No, reckless assumption often leads to errors. Do you recall that special trigonometric limit that involves sin? It involves a limit where x tends to 0 but with a clever use of substitution it may help you.
 
VrhoZna said:
No, reckless assumption often leads to errors. Do you recall that special trigonometric limit that involves sin? It involves a limit where x tends to 0 but with a clever use of substitution it may help you.

Hmm, what about this, if:

[tex]\sin x\approx x[/tex]

then

[tex]\sin^2 x\approx x^{2}[/tex]

Since I'm just squaring both sides it should still be true right?

Then I can go:

[tex]a_{x}=\sin ^2\frac{1}{x}[/tex]
[tex]b_{x}=\frac{1}{x^2}[/tex]

It does work out this way, but what function did you have in mind to compare it to?
 
kwal0203 said:
Hmm, what about this, if:

[tex]\sin x\approx x[/tex]

then

[tex]\sin^2 x\approx x^{2}[/tex]

Since I'm just squaring both sides it should still be true right?

Then I can go:

[tex]a_{x}=\sin ^2\frac{1}{x}[/tex]
[tex]b_{x}=\frac{1}{x^2}[/tex]

It does work out this way, but what function did you have in mind to compare it to?
You shouldn't use approximations as they don't have a place in mathematical problems of this nature and they don't mean anything without specifying a tolerance for error. sin(pi) is approximately equal to pi like 5 is approximately equal to 2

The limit I was referring to is lim x --> 0 (sinx/x) = 1. Try and figure out its application to this problem.
 
VrhoZna said:
You shouldn't use approximations as they don't have a place in mathematical problems of this nature and they don't mean anything without specifying a tolerance for error. sin(pi) is approximately equal to pi like 5 is approximately equal to 2

The limit I was referring to is lim x --> 0 (sinx/x) = 1. Try and figure out its application to this problem.
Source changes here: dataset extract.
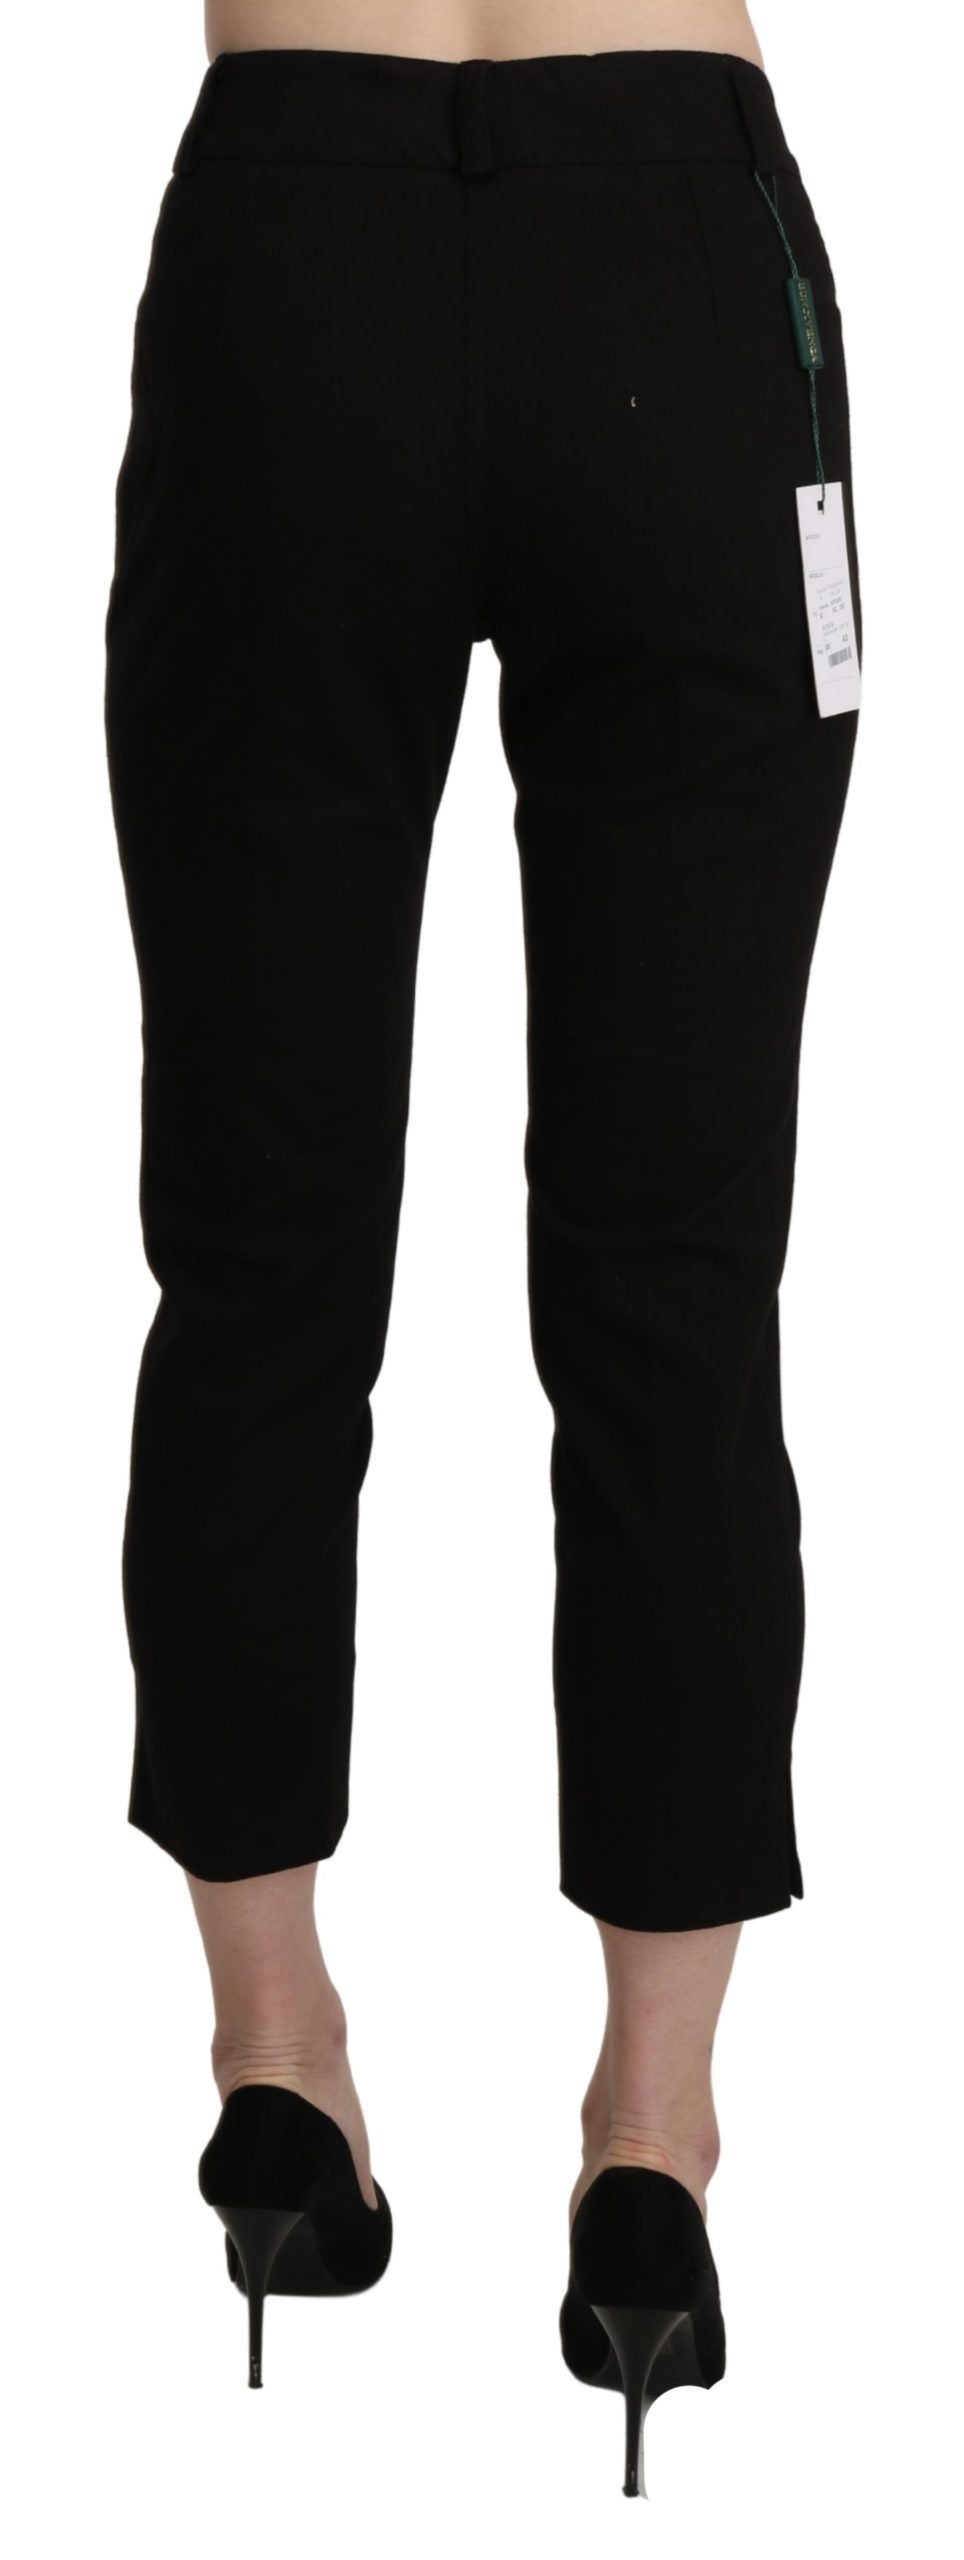 Bencivenga schwarz hohe Taille dünne Kleidungshosen Hosen Hosen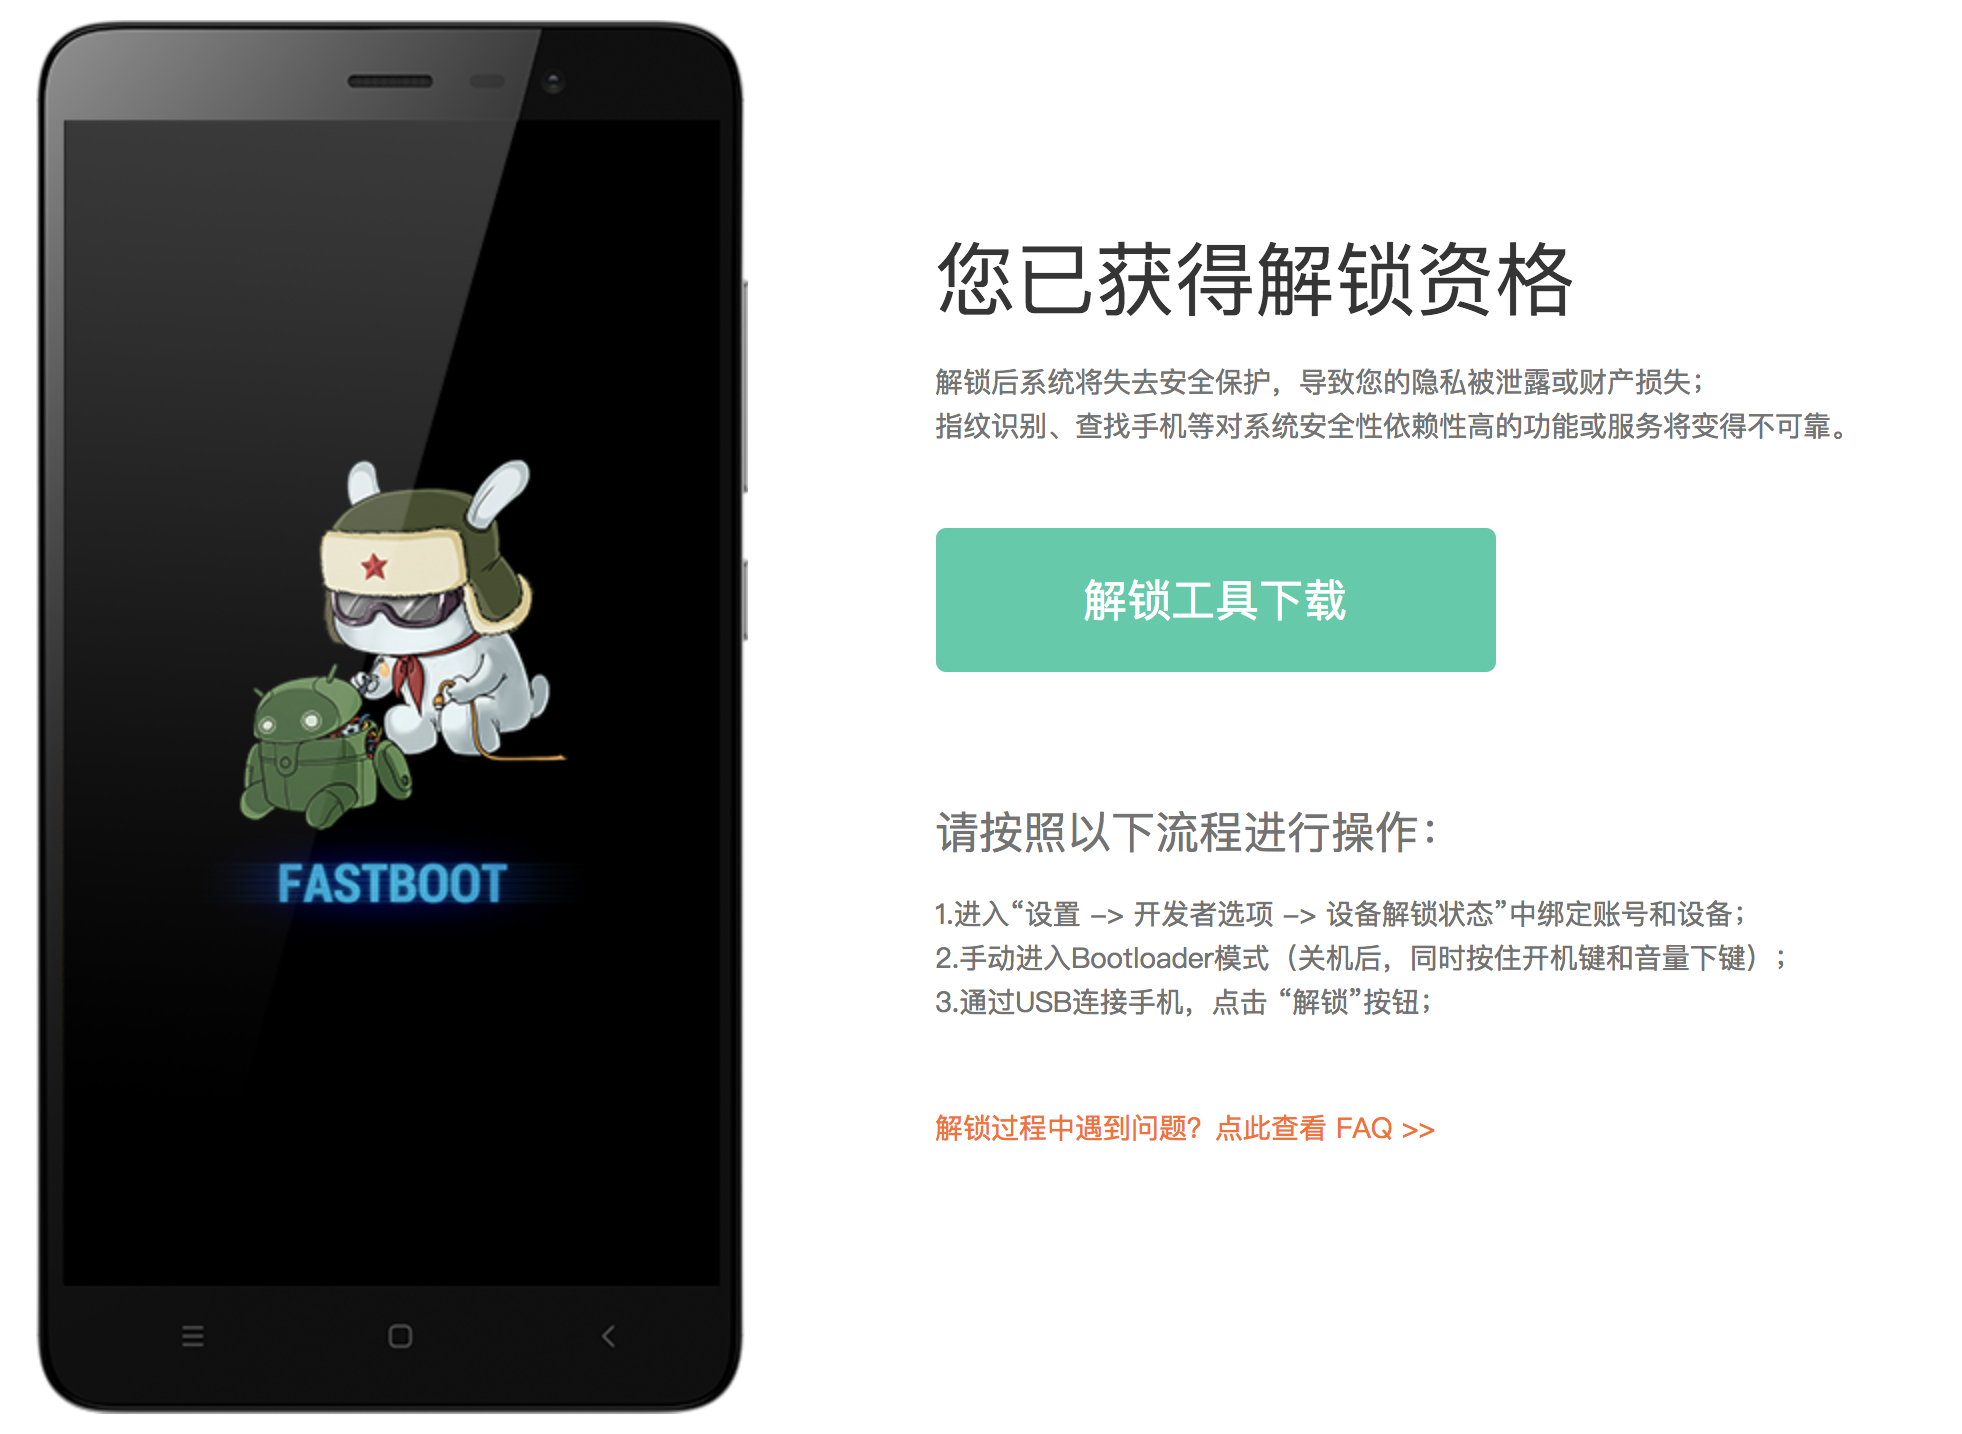 Redmi note 8 fastboot. Что такое Fastboot на редми 9. Кролик Xiaomi Fastboot. FACEBOT Xiaomi. Fastboot Xiaomi что это такое.

[tex]\sin x\leqslant 1[/tex]
[tex]\frac{\sin x}{x^{2}}\leqslant \frac{1}{x^{2}}[/tex]
[tex]\frac{\sin^2 x}{x^{2}}\leqslant \sin(\frac{1}{x^{2}})[/tex]

Am I on the right track here?

Sorry, I'm not really sure how sin(x)/x relates to sin^2(1/x) in terms of which is greater than the other. How can I figure that out?